Mohamed Sami a décidé de devenir scénariste pour avoir une plus grande liberté dans la création de ses projets. « Lorsque j’ai commencé, je travaillais avec des scénaristes, mais certains ne voulaient pas que je touche à leurs textes, ce qui me faisait perdre du temps et créait des frustrations. Alors, j’ai décidé d’écrire moi-même mes scénarios pour m’assurer que mes idées seraient fidèlement traduites à l’écran. » Cette indépendance lui a permis d’explorer pleinement sa vision artistique et de développer des histoires qui résonnent profondément avec le public.

 

 

Un hommage à Wahid Hamed et ses conseils précieux

Un moment marquant de la discussion a été l’hommage rendu par Sami au grand scénariste Wahid Hamed, qui a joué un rôle décisif dans sa carrière. Lors de leur première rencontre, Wahid Hamed avait invité Sami pour une conversation qui, d’après le réalisateur, a été aussi intimidante qu’inspirante. Après avoir écouté Sami parler avec enthousiasme de ses idées et de sa vision, Wahid Hamed lui avait posé une question simple mais essentielle : « Comment as-tu vu le film ? » Sami, cherchant à impressionner, avait parlé abondamment, multipliant les détails complexes pour démontrer sa compréhension. Wahid Hamed l’avait alors interrompu avec un conseil direct mais mémorable : « Pourquoi compliques-tu les choses ? Ressens le film, car si tu le ressens, tu le feras bien et le public l’aimera. » Cette phrase a profondément marqué Sami, lui montrant l’importance de la sincérité émotionnelle dans la création.

Plus tard, Sami s’est souvenu d’un conseil spécifique de Wahid Hamed concernant une scène difficile : un long dialogue entre deux personnages qui risquait de devenir ennuyeux.

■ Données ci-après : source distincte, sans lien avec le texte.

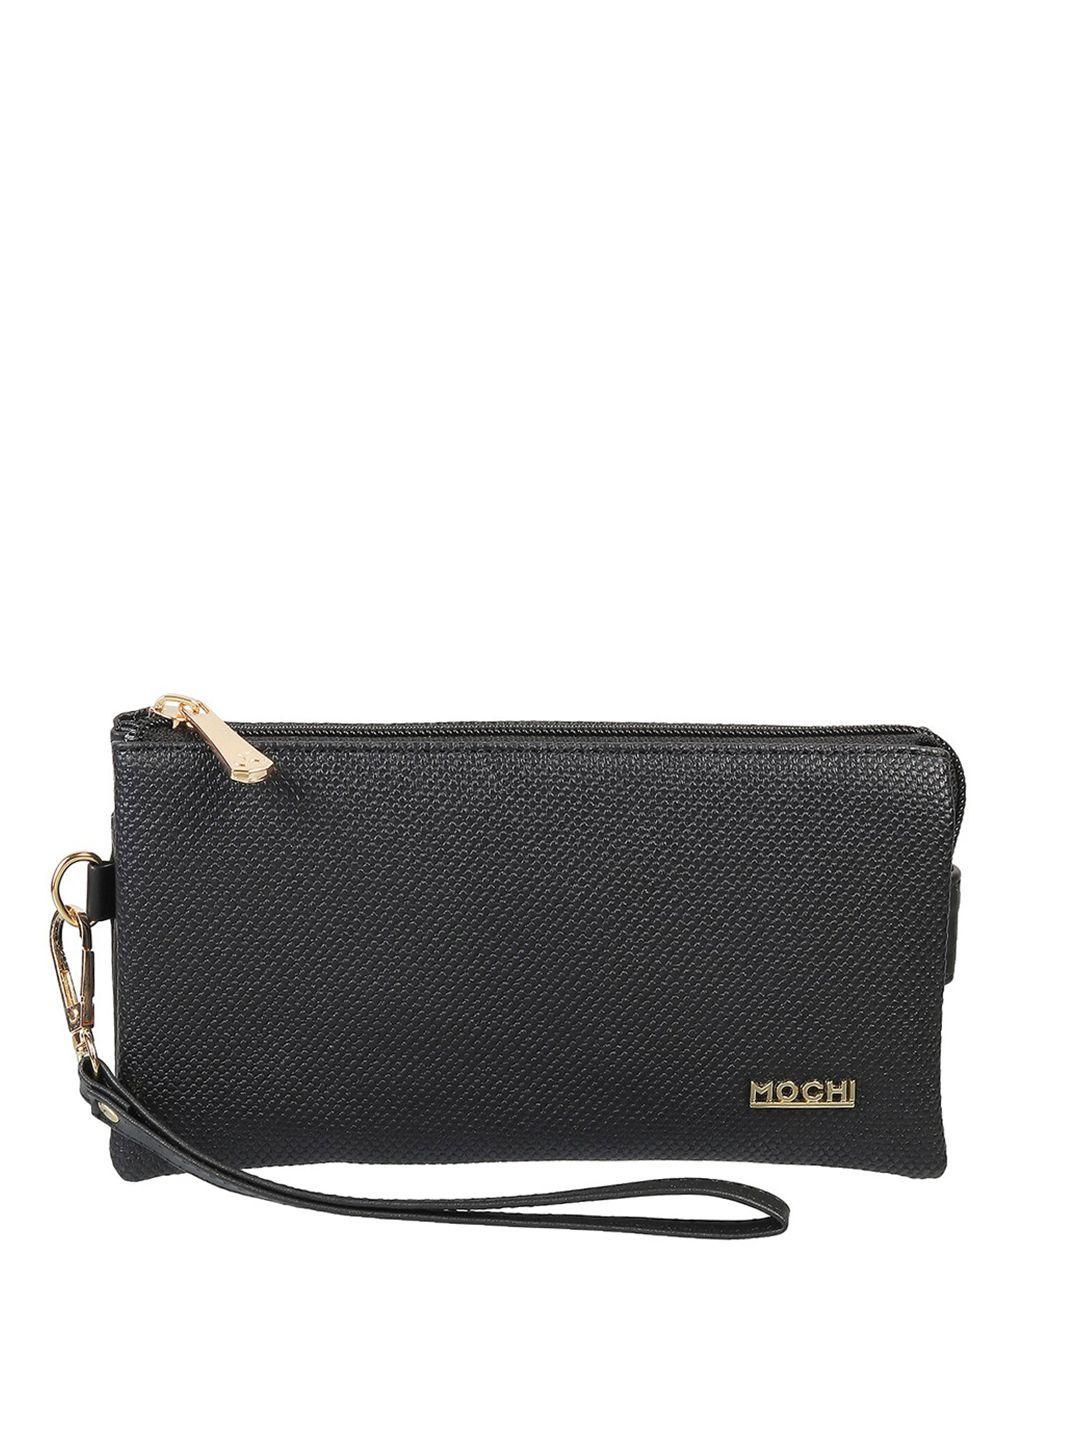 mochi-black-purse-clutch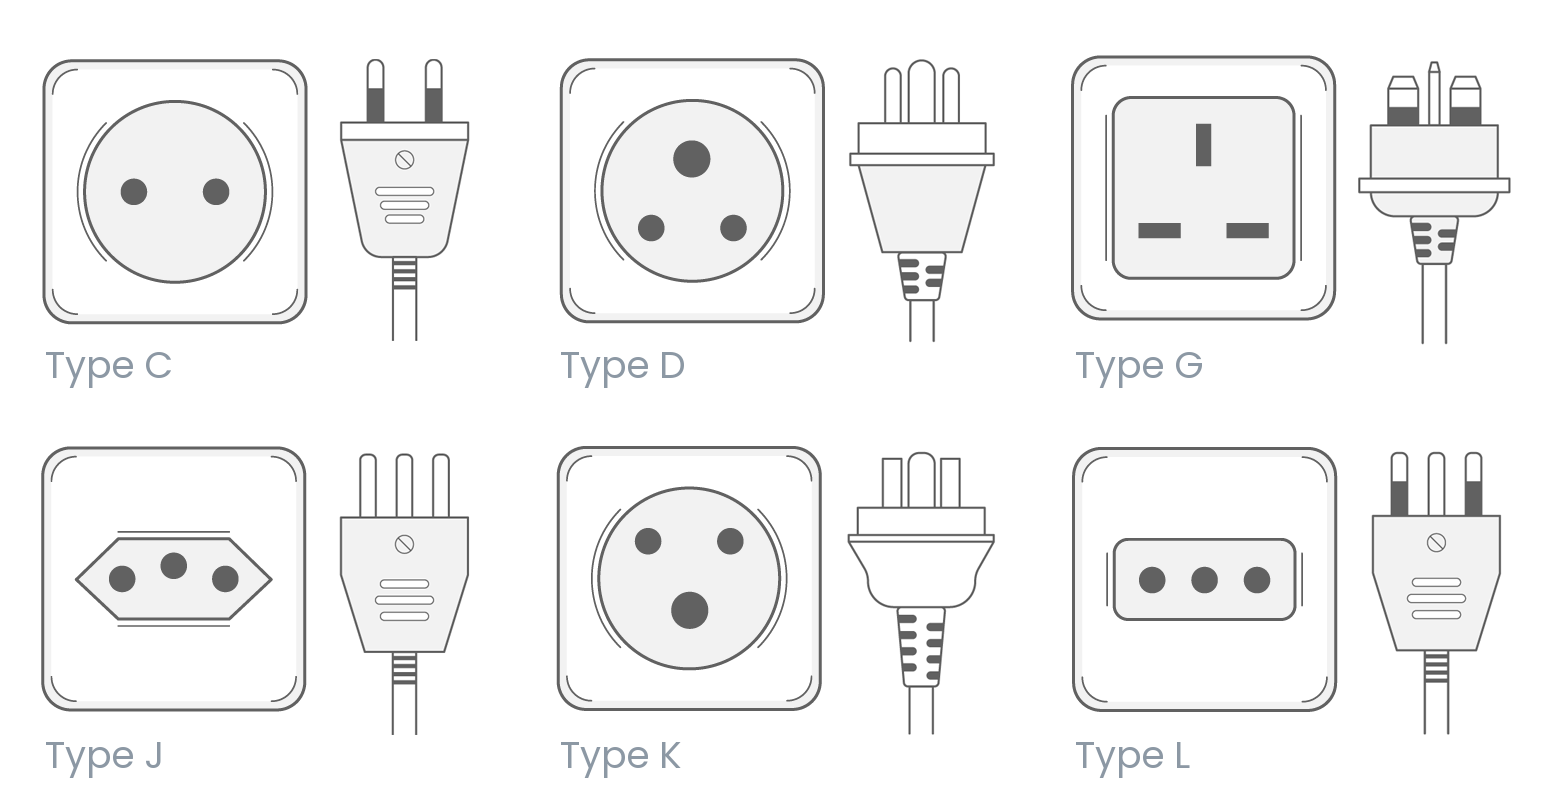 Maldives power plug outlet type G

« J’ai appelé Wahid pour lui demander comment rendre cette scène captivante, » raconte Sami. « Il m’a conseillé de la voir comme un match. Chaque réplique devait être un échange rythmé, une balle renvoyée d’un côté à l’autre avec intensité et précision. » Ce conseil a transformé sa vision des dialogues et de leur mise en scène, influençant profondément son style.

« Lorsque mes feuilletons ont commencé à réussir, je voyais des gens les regarder dans les cafés comme s’ils suivaient un match de football. C’est à ce moment-là que j’ai béni la mémoire de Wahid Hamed. »

L’avenir prometteur de Mohamed Sami

Interrogé sur son œuvre préférée, Mohamed Sami a répondu avec modestie : « Tous mes travaux ont contribué à être ce que je suis, donc je les aime tous. Chaque projet a apporté quelque chose dans ma vie et constitue une étape importante de mon parcours. Cependant, si je devais en choisir un pour son succès et son impact, ce serait Al Ostoura. »

La discussion s’est conclue par une intervention de l’actrice égyptienne Youssra, qui a salué le talent de Mohamed Sami. Elle a notamment loué ses mouvements de caméra uniques et sa capacité à sublimer le jeu des acteurs. « En t’écoutant aujourd’hui, je trouve que tu as des détails qu’on ne voit pas ailleurs, les mouvements de ta caméra est éblouissante et Youssef Chahine m’a appris à quel point c’est important. Je veux travailler avec toi, parce qu’on sent que tu aimes les acteurs et que tu sais les faire travailler » a-t-elle déclaré.